The data were analyzed using the statistical software IBM SPSS 19.0 for Windows (SPSS, Chicago, IL). Data normality was verified using the Shapiro-Wilk test. Continuous variables with normal distributions were presented as the mean ± standard deviation, and the nonnormally distributed data were presented as medians (P25, P75). The categorical variables were summarized as the number of cases and percentages (%). To compare the changes in the subjective and objective clinical parameters before and after 3 sessions of the IPL treatment, the paired-sample t-test and paired-sample nonparametric Wilcoxon test were used. A Chi-square test was conducted to compare the categorical data between effective IPL and ineffective IPL, and the continuous data were examined using an independent-samples t-test or Mann-Whitney U test.

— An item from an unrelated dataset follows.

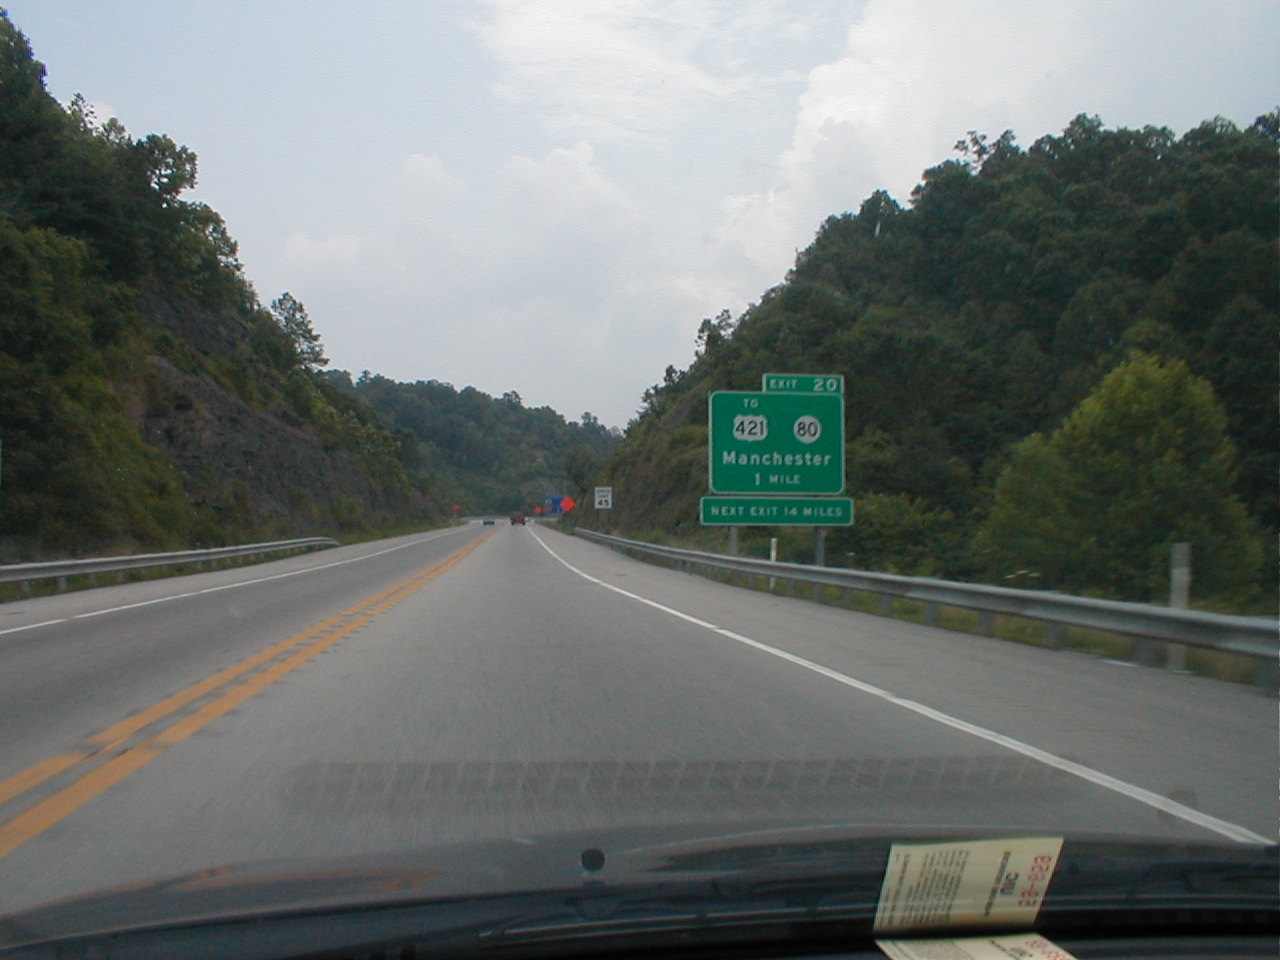 Approaching Exit 20

In the multivariable logistic regression model, variables with P < .05 in the univariate analysis were included to identify the independent influencing factors, and the Hosmer-Lemeshow test was used to evaluate the goodness of fit of the model. A P-value less than .05 (two-sided) was considered statistically significant.

3. Results

3.1. Baseline characteristics

Forty-eight eyes from 48 patients were investigated in this study, and their detailed characteristics are shown in Table 1.

Table 1.

Baseline characteristics.

Characteristics Number of patients (%)
Gender
 Male 14 (29.2)
 Female 34 (70.8)
Age (yr)
 18-39 24 (50.0)
 40 and above 24 (50.0)
Duration of MGD (mo)
 <3 24 (50.0)
 3-<6 14 (29.2)
 ≥6 10 (20.8)
Time of VDT usage (h/d)
 0-<4 16 (33.3)
 ≥4 32 (66.7)
Severity of MGD
 Mild 6 (12.5)
 Moderate 24 (50.0)
 Severe 18 (37.5)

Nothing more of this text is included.